In the news recently there is talk about legislation to reduce the fees that retailers pay to banks for debit card transactions. The fees currently average 44 cents per transaction, and the proposal is to cap them at 12 cents per transaction. Here are my thoughts:
- Clearly, the socially optimal amount to charge for swipe fees is equal to the marginal cost. And the marginal cost is probably very small; I imagine most of the costs of running the transaction system are fixed costs that don't depend that much on number of transactions.

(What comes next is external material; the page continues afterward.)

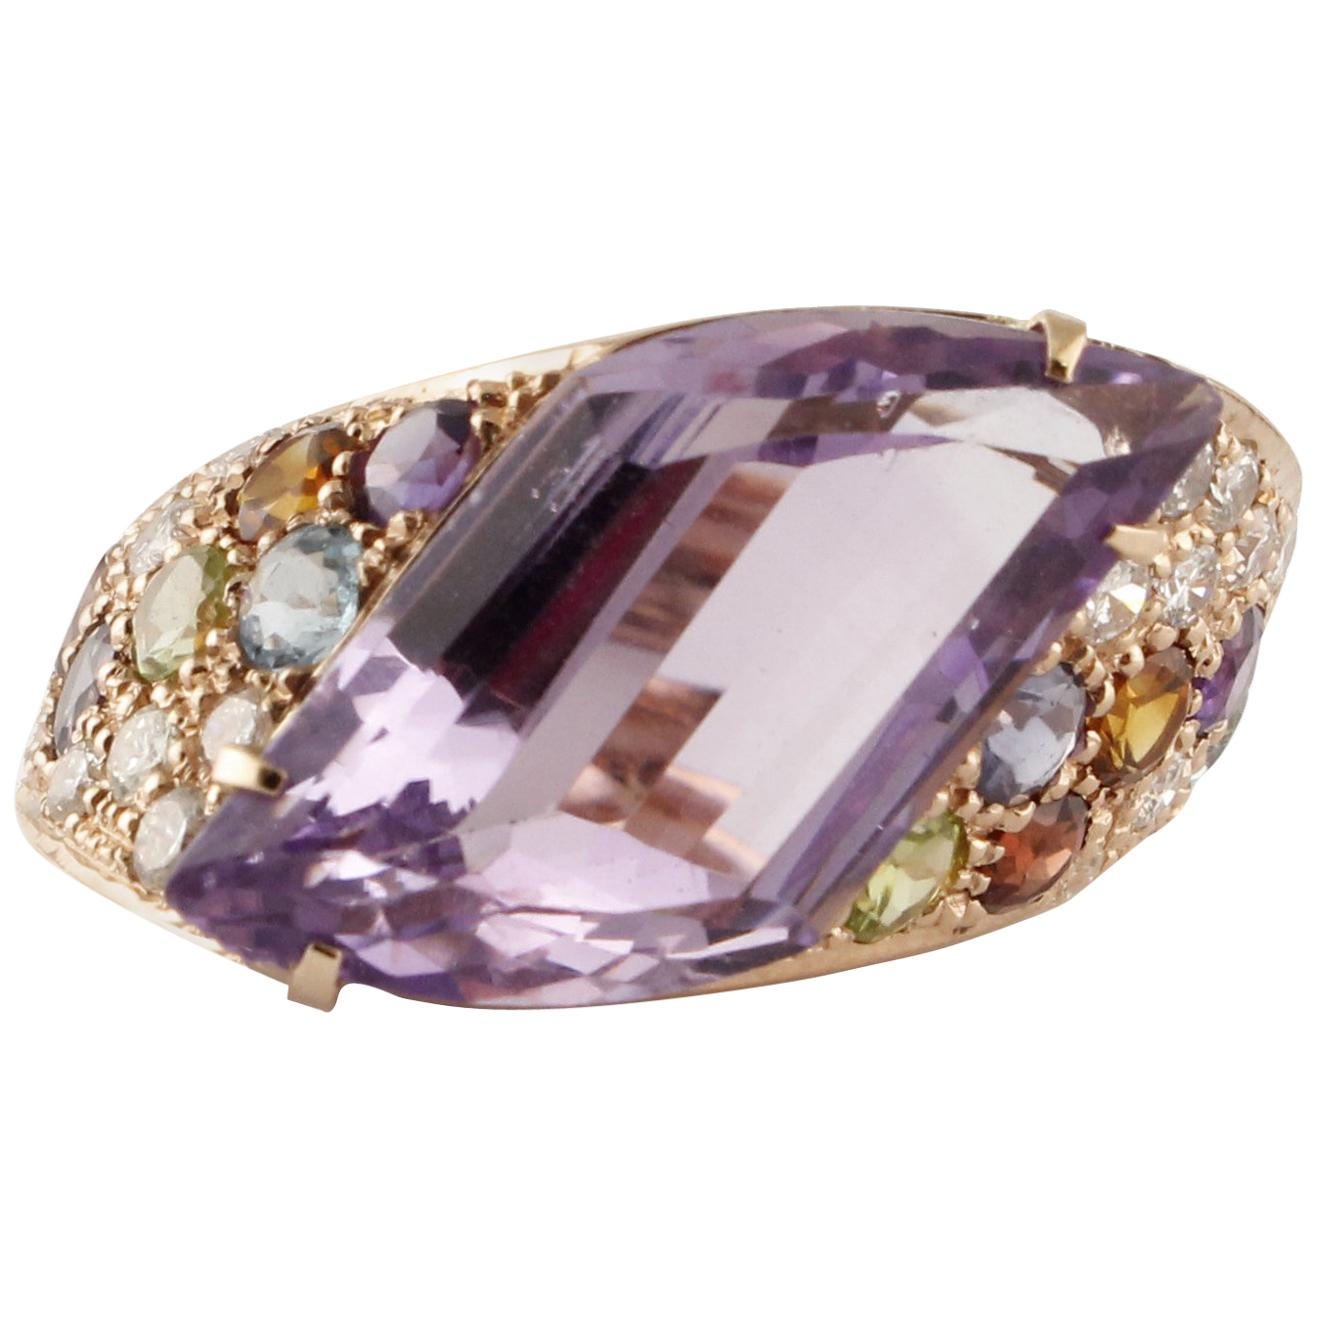 Diamonds Amethyst Peridots Orange Light Blue Topaz Iolite Garnet Rose Gold Ring

- Of course, that only really matters if debit card transactions are at least somewhat price-elastic; i.e. number of transactions is affected by how much they cost. If the number of transactions is unaffected by cost, then changing the fee just redistributes money; it doesn't affect overall efficiency. (Of course, people do care about how the money is distributed.) And I would imagine that the price elasticity is very low: consumers don't care about swipe fees when they use their debit card (since they don't pay them) and most retailers don't choose not to accept debit cards just because of the fees (except sometimes for small transactions).

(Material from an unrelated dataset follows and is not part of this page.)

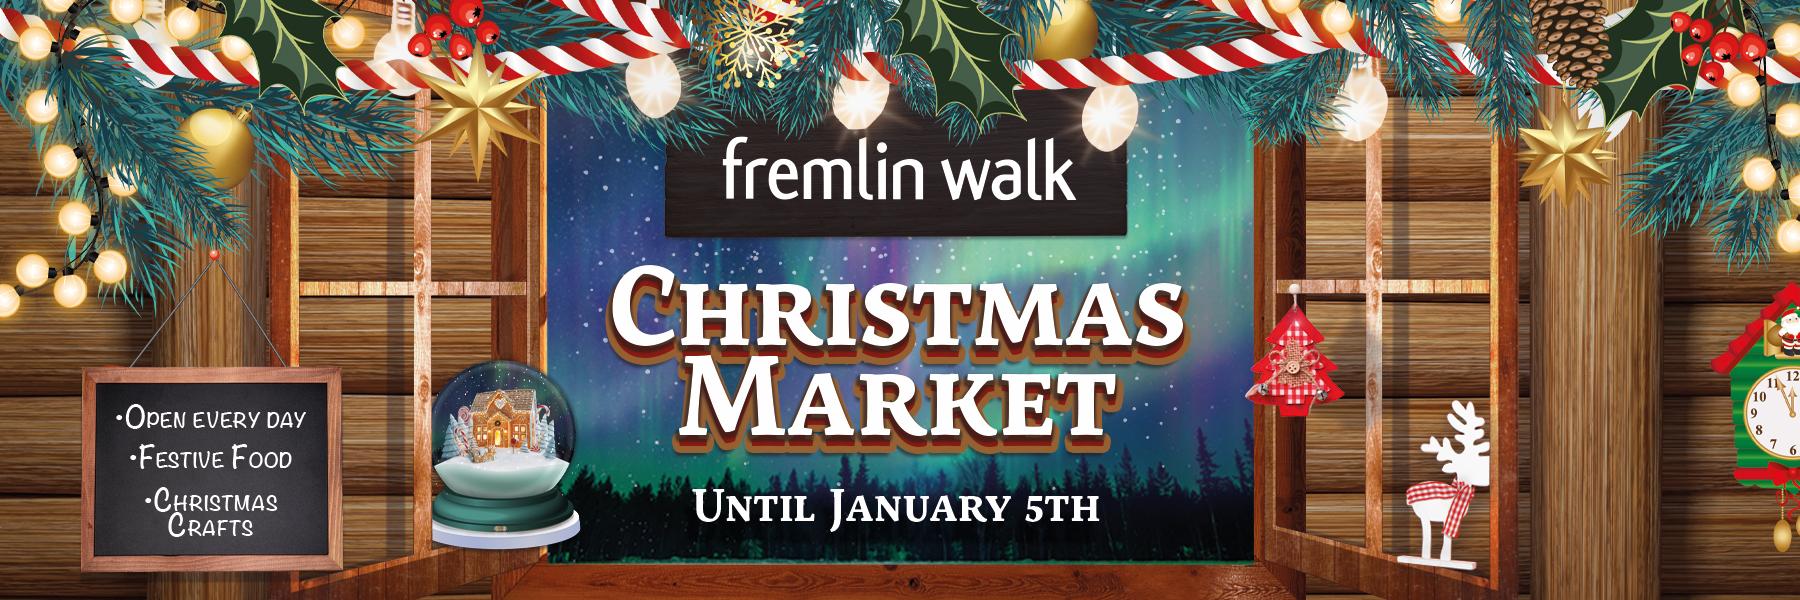 Fremlin Walk's Traditional Christmas Market

- The discussion from both sides seems to be centered on whether it will help or hurt consumers, which is reasonable. The pro-regulation side says that businesses will pass the savings on to consumers, while the anti-regulation side says that will not necessarily occur and banks will be forced to increase other fees or reduce perks like free checking to make up for the lost revenue.
- From the retailer's perspective, the swipe fee is like a tax on the transaction, so whether it's the consumer or the producer that ends up paying it depends on the relative elasticity of supply and demand for the goods, as described here. Of course, almost none of the coverage that expresses opinions about this questions even mentions price elasticity. (You could do a similar analysis to answer the question about whether banks will increase other fees; think of the reduction in swipe fees as like a tax on the banks based on how often their customers use debit cards).
- Of course, I don't have any data on the questions above, so I don't know who is correct. But one thing I did notice is that pro-regulation advocates say it will "help small businesses" and take money away from the "big banks", while anti-regulation advocates say that it "helps giant retailers" at the expense of "small credit unions." My question is: How did the whole "big business equals bad, small business equals good" thing start? I mean, isn't the theory behind capitalism that the way businesses become bigger is by improving efficiency to lower costs and responding to the needs of their customers to increase revenue? Maybe Joe Kernen is right that we are being indoctrinated with anti-capitalist values.